ValveSoftware / Source-1-Games

Source 1 based games such as TF2 and Counter-Strike: Source
660 stars 76 forks source link

[HL2DM] [ZPS] Bad Rcon Password can Crash the Server #1002

Closed ghost closed 11 years ago

ghost commented 11 years ago

If you go to the console, and type

rcon_password "123"

and then type something like

rcon status

It will get a wrong password error, but, if you insist and keep sending the command after all atempts, you will be kicked with a message that you have been banned, but however, you are not banner and the server crashes.

Tested on ZPS and HLD2M, i think it happens to all source games though

voided commented 11 years ago

Can you confirm that the actual server process crashes?

Failing rcon password checks over a certain limit (see sv_rcon_maxfailures) leads to the offending IP being banned, which can make it seem that the server is offline when it's simply dropping packets from the banned address.

fuckpaypal commented 11 years ago

I wasn't able to reproduce this.

Pricetx commented 11 years ago

I wasn't able to re-produce this either, is he just referring to listen servers?
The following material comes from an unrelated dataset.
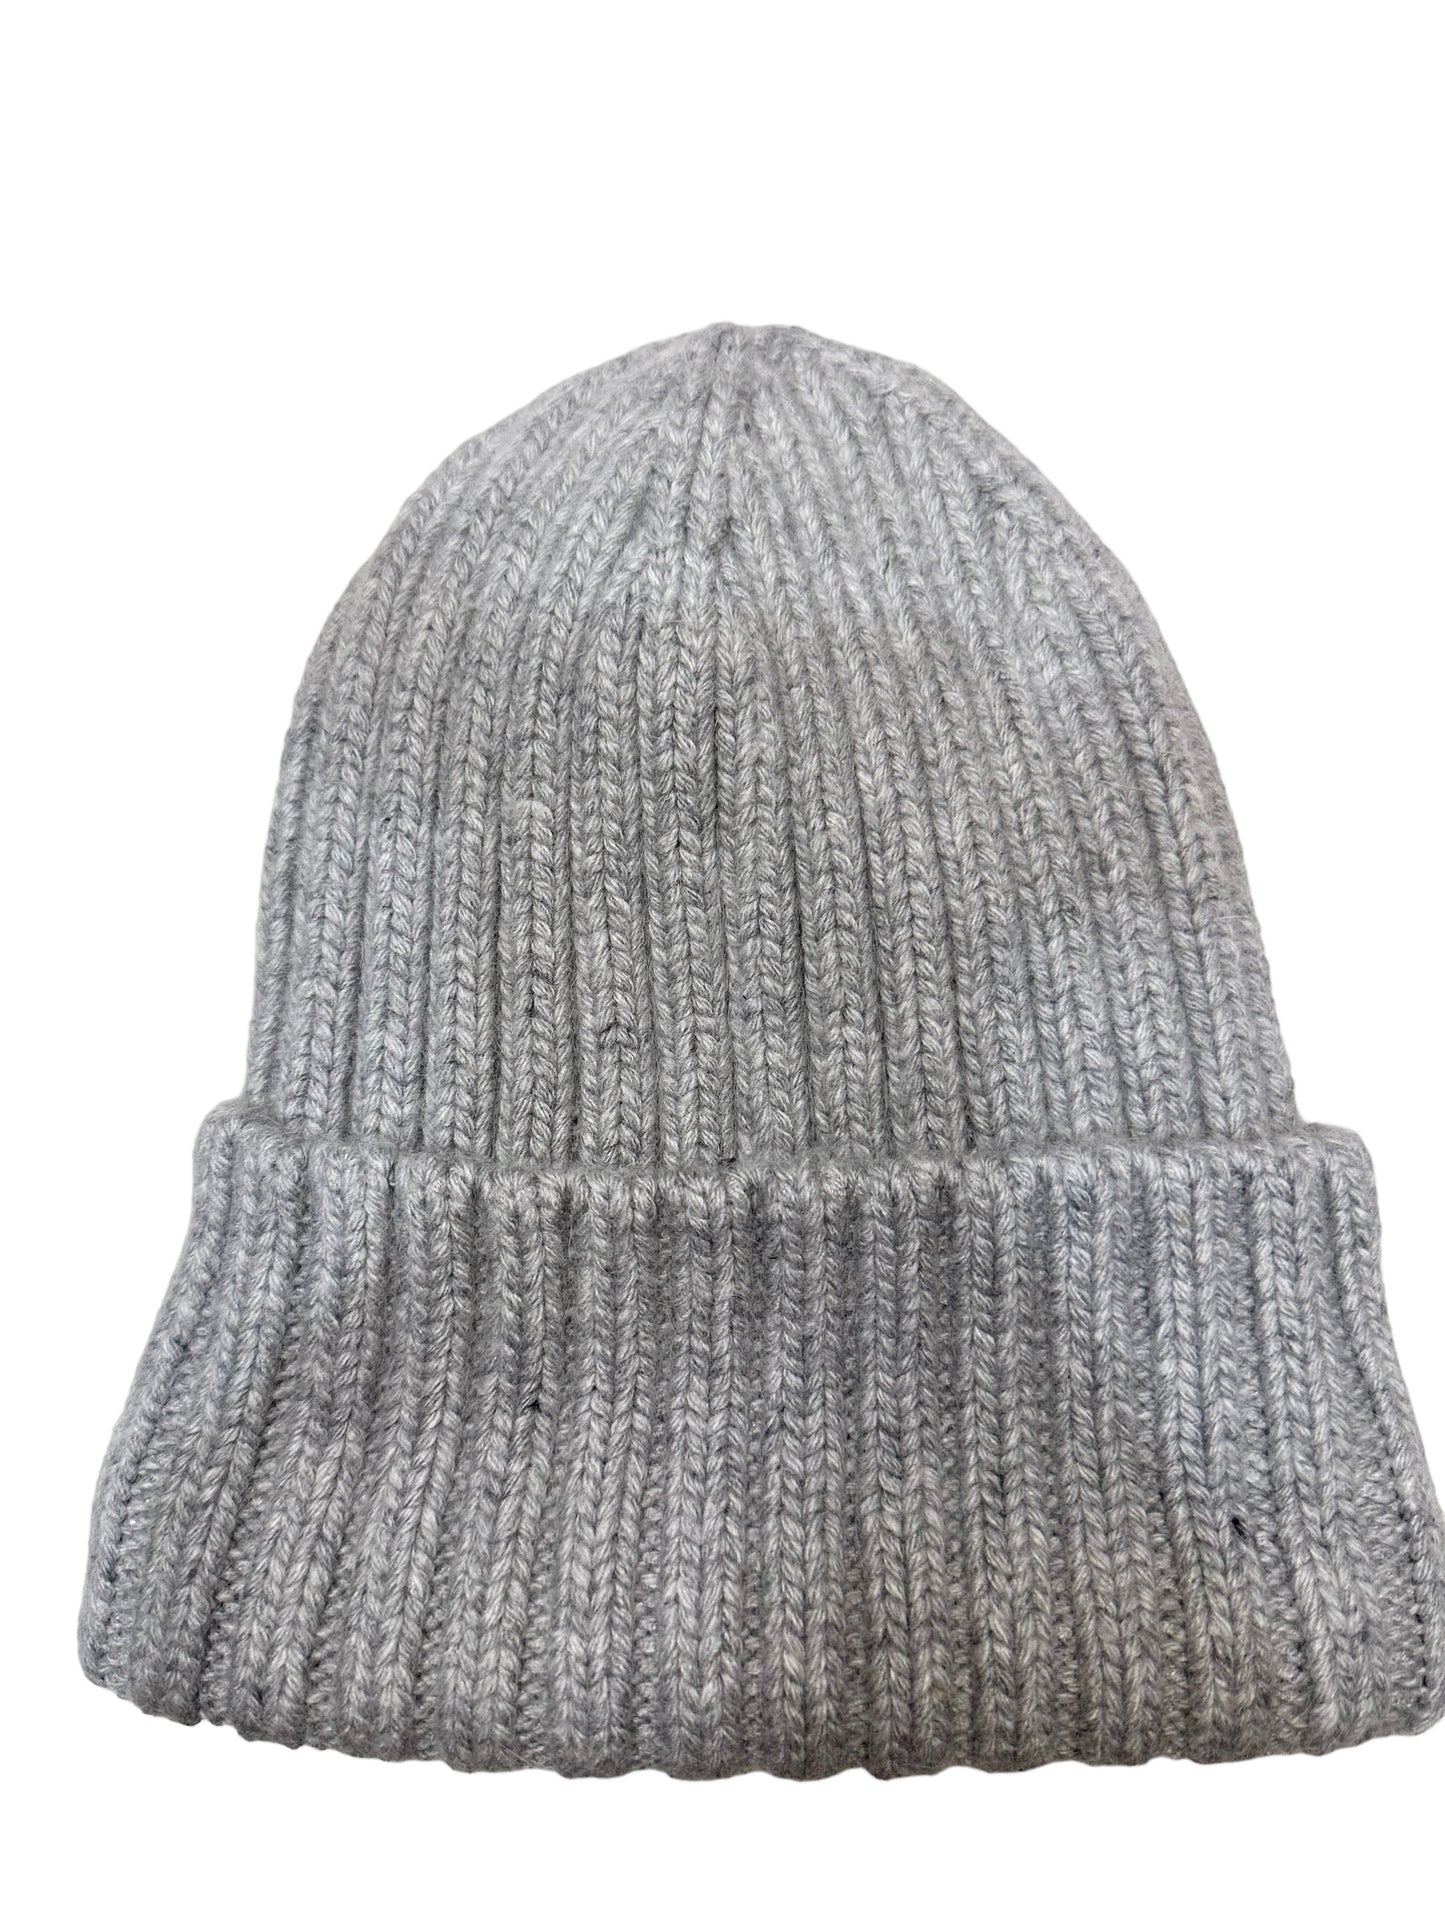 Luxury Unisex Silk Lined Beanie | Great hair protection

As I imagine they would probably stop running if the host got banned.

ghost commented 11 years ago

Strange, i was saying about dedicated servers, look, even on a simply google search about it you can see many people suffering from this:

https://www.google.com.br/search?q=bad+rcon+password+crash+server&oq=bad+rcon+password+crash+server&aqs=chrome..69i57j69i61.7341j0&sourceid=chrome&ie=UTF-8&qscrl=1

I just reproduced it now on ZPS (Zombie Panic Source)

Pricetx commented 11 years ago

Hmm, assuming you've been attempting this exploit on your own server, could you provide specs and OS? Also, any mods / plugins would be useful to know.

CutieRin commented 11 years ago

just had a friend try this on my srcds css dedicated server and server didn't crash but he got ip banned and wasnt able to see the server, so you were just being blocked from seeing the server, like voided had explained

ghost commented 11 years ago

Well, i just checked here and ZPS is using orangebox engine (even on steampipe), perhabs this bug it's fixed on steampipe engine?

alfred-valve commented 11 years ago

Sounds like this is ZPS specific and not covered by this tracker, chase this down with the ZPS team.